Particularly, a lower protrusion 72 is disposed on a left side of a bottom of the hard outer shell 75. The lower protrusion 72 is provided with an installation insertion hole 721, a threaded hole 722 and a wire opening 723 corresponding to the individual guide rods 3 respectively, wherein the installation insertion hole 721 extends in the left-right direction, and a left end of the installation insertion hole 721 runs through the lower protrusion 72; and the threaded hole 722 extends upwards, and a lower end of the threaded hole 722 runs through the lower protrusion 72. The threaded hole 722 and the installation insertion hole 721 intersect in a cross shape. The wire opening is provided below a right end of the installation insertion hole 721. In addition, each of the guide rod 3 is provided with a first perforation 31 running through in an up-down direction at a right end thereof.

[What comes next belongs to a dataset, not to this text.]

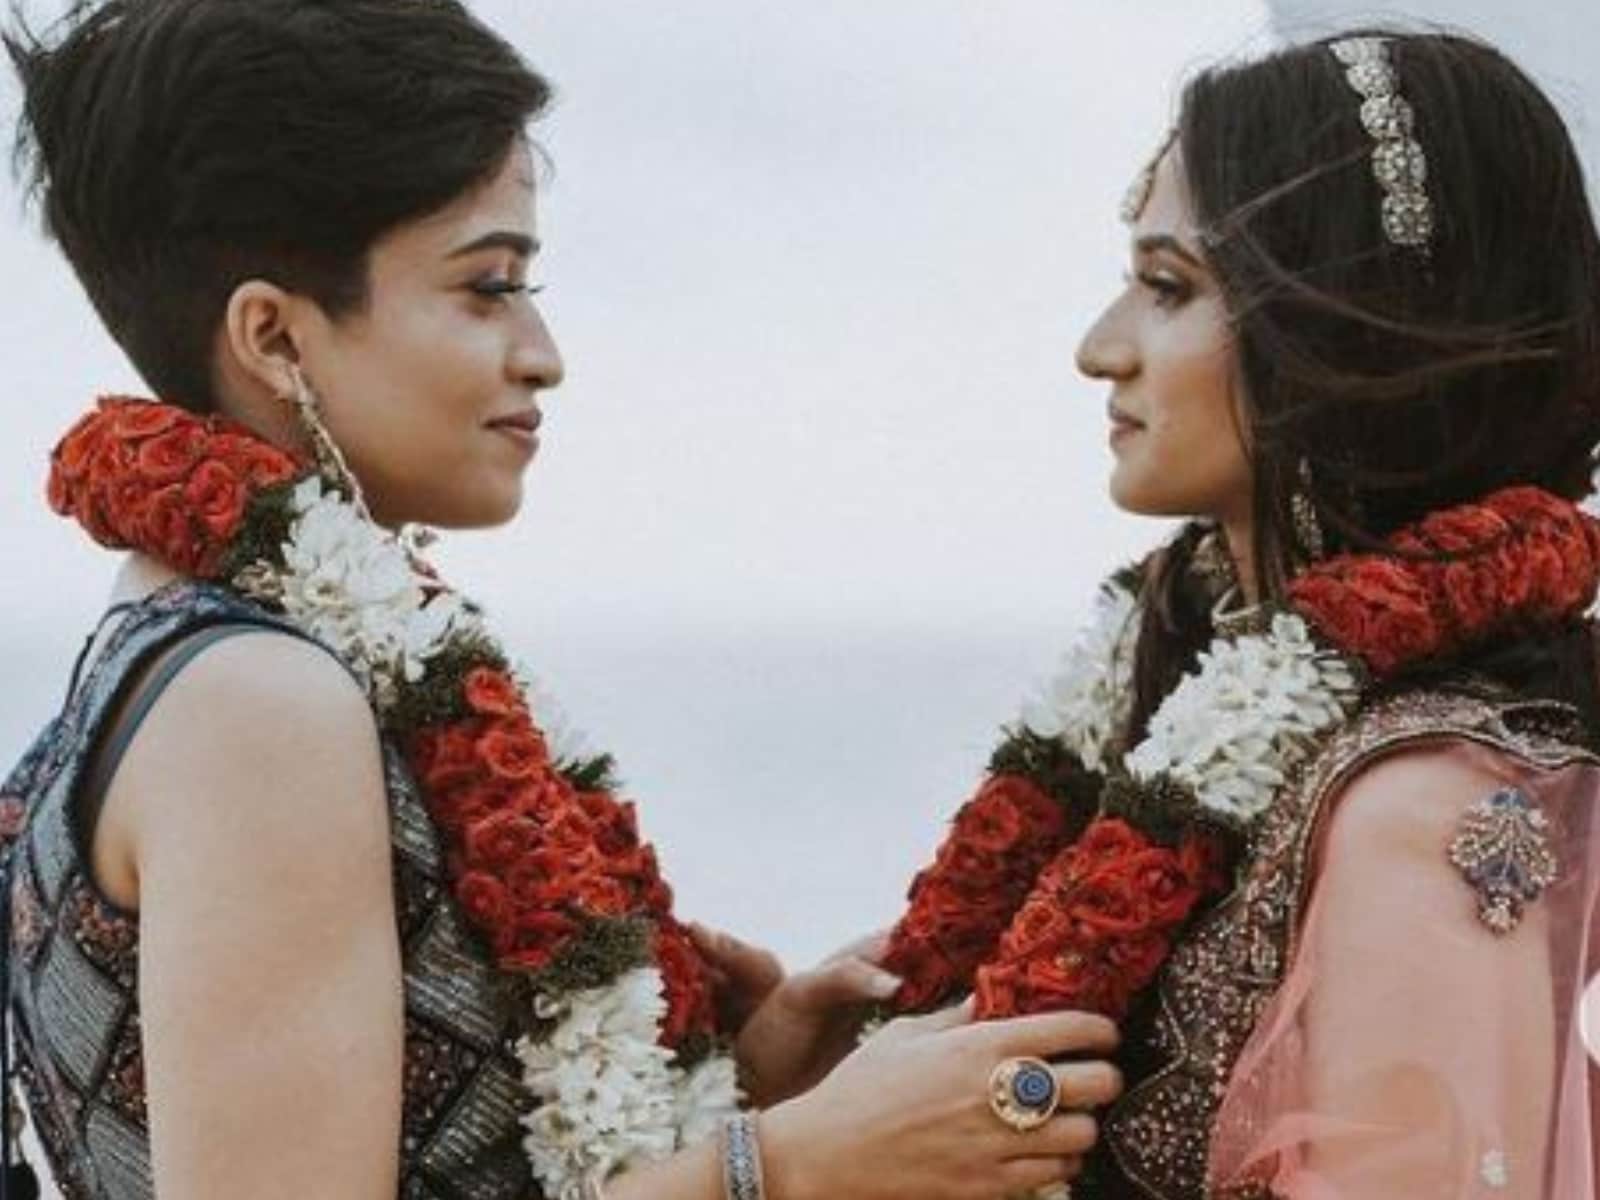 Tamilschool Lesbians Girl Doing Sex Each Other Videos - Kerala Lesbian Couple, Once Separated by Families, Turns Brides in Wedding  Photoshoot

Furthermore, the guide rod 3 is rightwards fitted through the installation insertion hole 721. In addition, the massager further includes an installation bolt 73 upwards fitted through the first perforation 31 and threaded to the threaded hole 722, so as to fixedly install the guide rod 3 and the massage roller 7.

Furthermore, the second functional element 92 is provided with a conducting wire 74 corresponding to the individual guide rods 3 respectively. The conducting wire 74 is of a structure such as an electric wire, extends into the installation insertion holes 721 through the wire opening 723, and is clamped by right walls of the guide rod 3 and the installation insertion hole 721 to achieve the conduction between the conducting wires 74 and the guide rod 3, ensuring the power supply stability of the second functional element 92.

Particularly, a second functional element 92 is at least one of a heating element (such as a heating sheet), an electric shock element (such as an electric shock sheet) and a vibration element (such as a vibration motor).

Accordingly, the massage effect may be optimized by enabling heating, electric shock, vibration and other functions.

In addition, a handle component 14 is detachably disposed on the shell base 1, wherein the handle component 14 is provided with a holding portion 141 on a front side and a rear side of the shell base 1, respectively, such that the holding component may be held with both hands for use.

In addition, the handle component 14 is provided with a liquid receiving tray 142 below the massage roller 7, such that the massage effect may be improved by applying a cleansing lotion, a moisturizing lotion and the like to the site needing to be massaged. The lotion may be collected by the liquid receiving tray 142, thereby guaranteeing the hygienic use.

The shell base 1 is provided with a clamping slot 15 in a front side and a rear side thereof, and the handle component 14 is provided with a clamping sheet 16 on one side opposite to each of the holding portions 141, such that the shell base 1 and the handle component 14 are detachably installed by means of the clamping slots 15 and the clamping sheets 16.

In addition, the liquid receiving tray 142 is provided with an elastic element on a right side thereof to make the contact with a human body more comfortable.

This embodiment defines the left-right direction as the first direction.

Embodiment 2

The present disclosure discloses a guide rod-driven massager which has the same main structure as the embodiment 1, except that the guide rods 3 is provided in singular, making the overall structure simpler.

Embodiment 3

The present disclosure discloses a guide rod-driven massager which has the same main structure as the embodiment 1 or the embodiment 2, except that both the power motor 411 and the driving gear 412 are provided in singular, resulting in lower production cost.